Kitchen Emotions

My profession in identifying and creating core emotions for tv promotion enables me to also connect up all the different emotions that leads me into cooking and baking.

It all begins when I often walk out from a restaurant feeling dissatisfied along with ANGER for paying high bills for lousy food and bad service in this city. And most of the time, what disappoints me is the way good ingredients are being treated poorly.

That is when the temptation and CURIOSITY of wondering if I can cook better food arouse my desire to take up the challenge and re-look at the function of my kitchen with a whole new perspective.

After numerous failures that eventually leads to a few good attempts with some recipes, the feeling of SUCCESS encourage me to create more to share with friends and neighbours which increases HUMAN CONNECTIONS without even noticing it. The reward is enormous.

Here’s a really simple recipe that makes me happy.

marinara w scallops

Pasta Marinara with Canadian Scallops

Canadian scallops

Sea salt

Black pepper

All-purpose flour

Olive oil

Heat up olive oil in a pan. Season scallops with salt, pepper and coat lightly with flour. Fry scallops for 2 minutes on one side and another minute on the other side.

For the sauce:

Fresh basil

Half an onion, finely chopped

1 clove of garlic

1 can of Italian tomato

Black pepper


Olive oil

Heat up olive oil in a pot with onions and garlic. The fragrance from the onion and garlic will infuse into the oil when heated up together. Add salt to avoid onions from burning. Sautee till onion turns translucent. Add black pepper, tomatoes and basil. Simmer for 30 mins.
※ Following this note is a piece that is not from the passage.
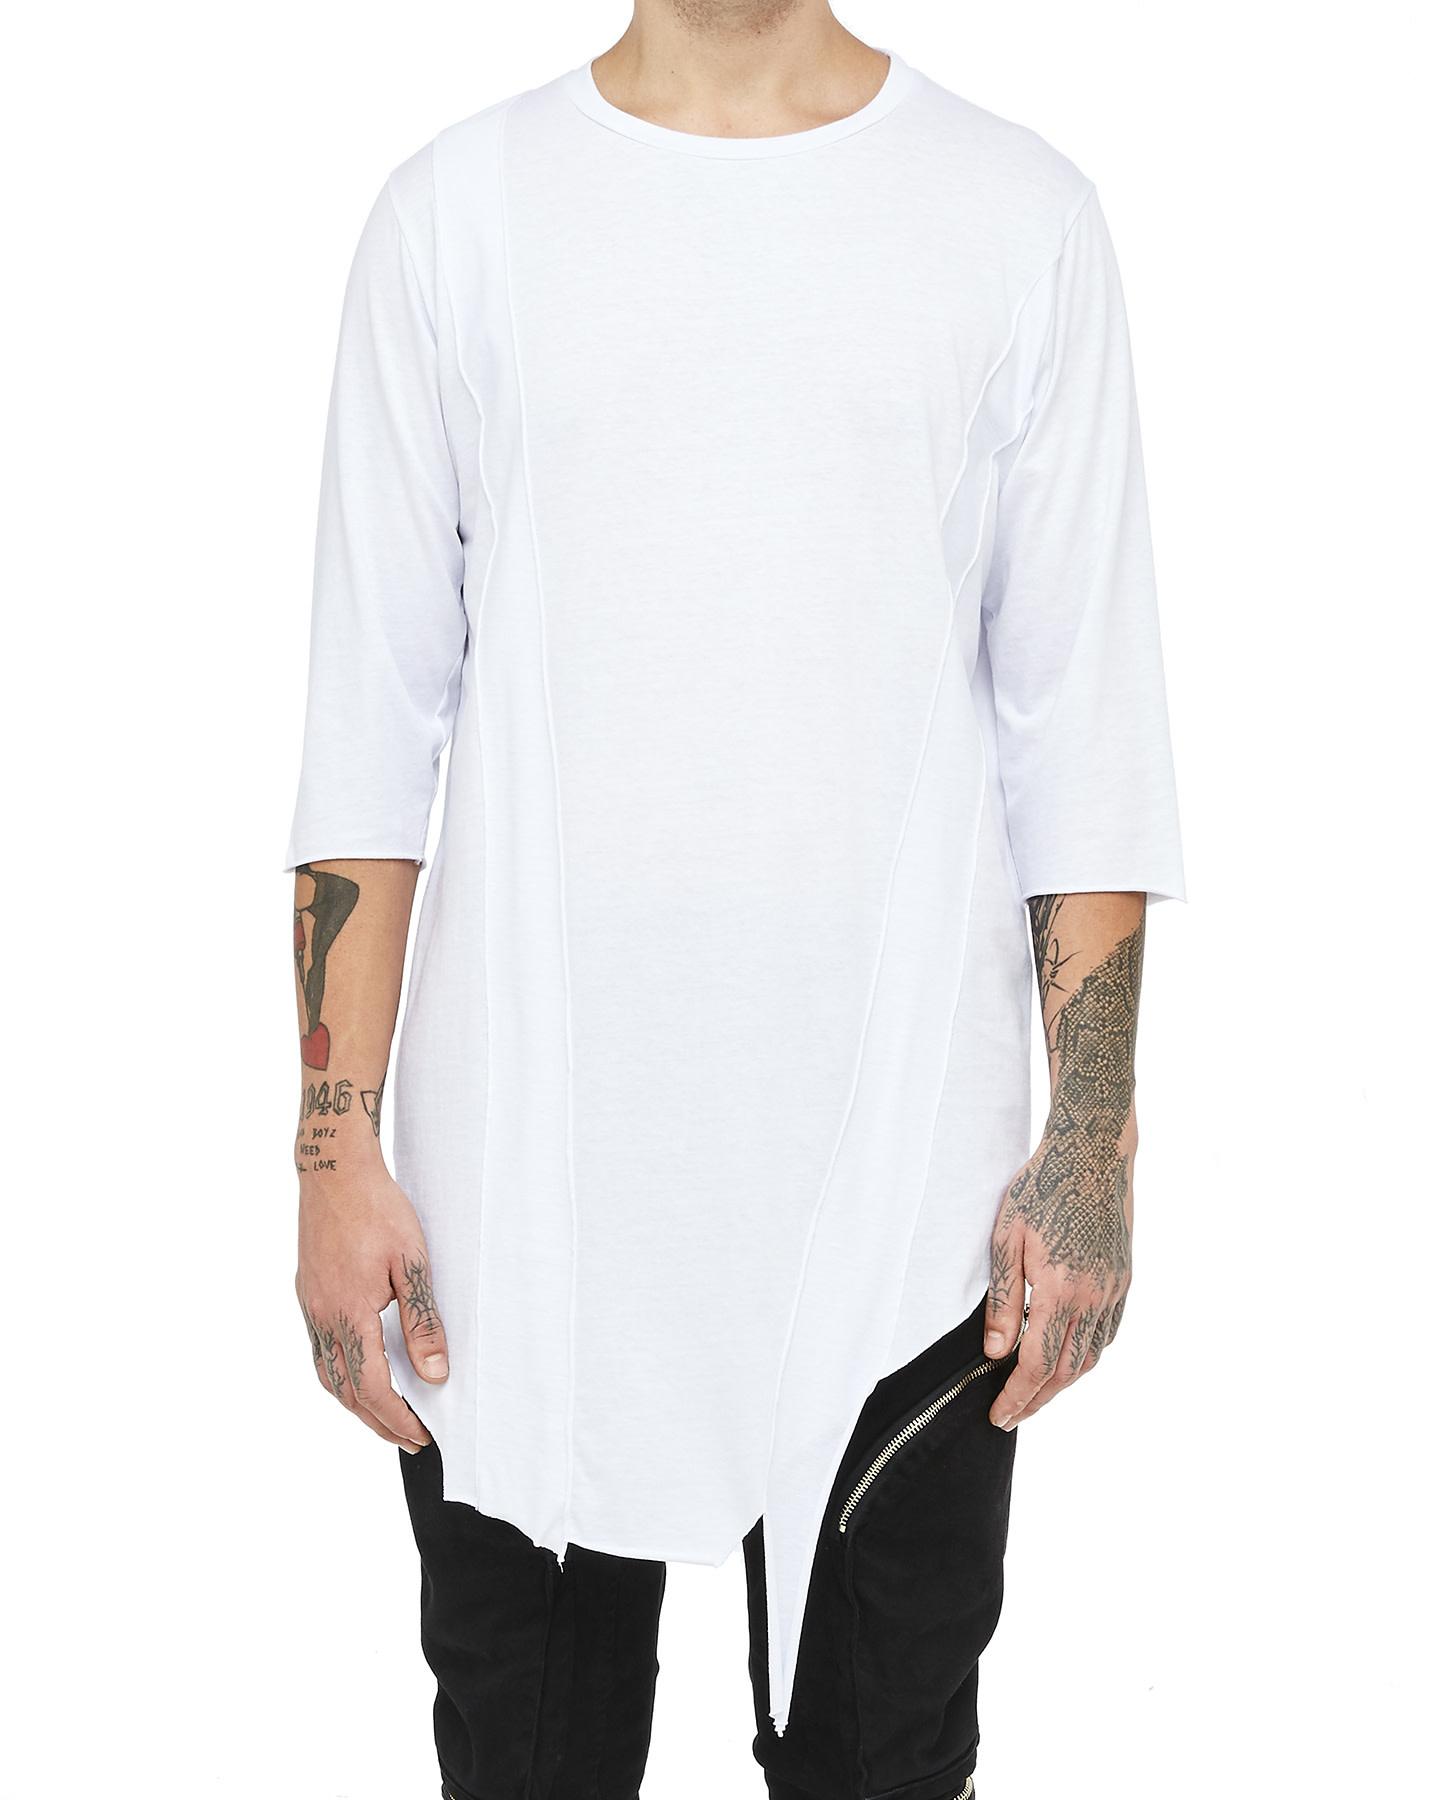 LONG BANDED T-SHIRT - WHITE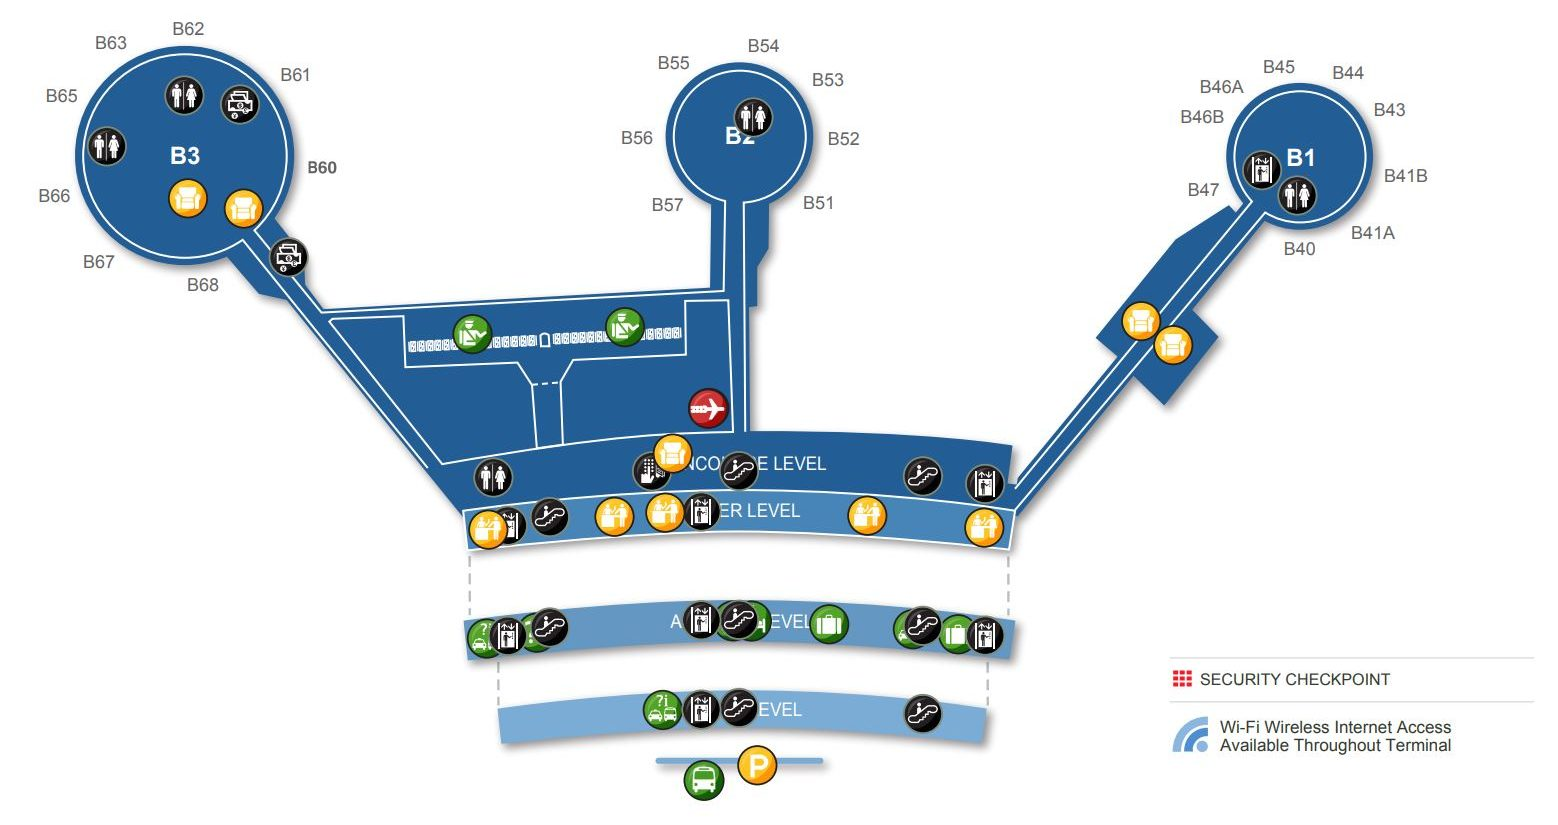 ewr map terminal a Newark Liberty International Airport Ewr Terminal Guide 2020 ewr map terminal a

Serve with your favourite pasta and top it up with the gorgeous scallops.

hk loaf 4

Now comes to baking. My FEAR of sending something into the oven and hoping it will come out good stays with me for many years ever since I failed terribly trying to bake a basic sponge cake.

It was until early this year when Anto from relaxingcooking encouraged me to bake my first bread. It is a big emotion of DARING to take up the challenge to start a bumpy journey which I am glad I did and to discover the many secrets of baking along the way.

hk loaf 2

I got to admit I am quite obsessed with bread baking for now and I just can’t wait to log this recipe in that uses ‘tangzhong’ mentioned to me by Jean from bentodays. This method creates a super soft loaf with a long lost flavor which brings me all the way back to my childhood days. Yum!

Soft white bread using ‘Tangzhong’


50g bread flour

250g water

Cook on low heat and keep stirring continuously until it becomes sticky.

Main dough:

270g bread flour

30g sugar

4g salt

1 egg

90g tangzhong

60g milk

5g yeast

30g butter (soften)hk loaf 3

Mix all ingredients except butter. Put in butter when rest of ingredients is well mixed.

Knead the dough till it passes the window pane test. Form it into a ball and put it into a greased bowl.

Sprinkle some water on dough and cover. Let it proof for 45mins to an hour.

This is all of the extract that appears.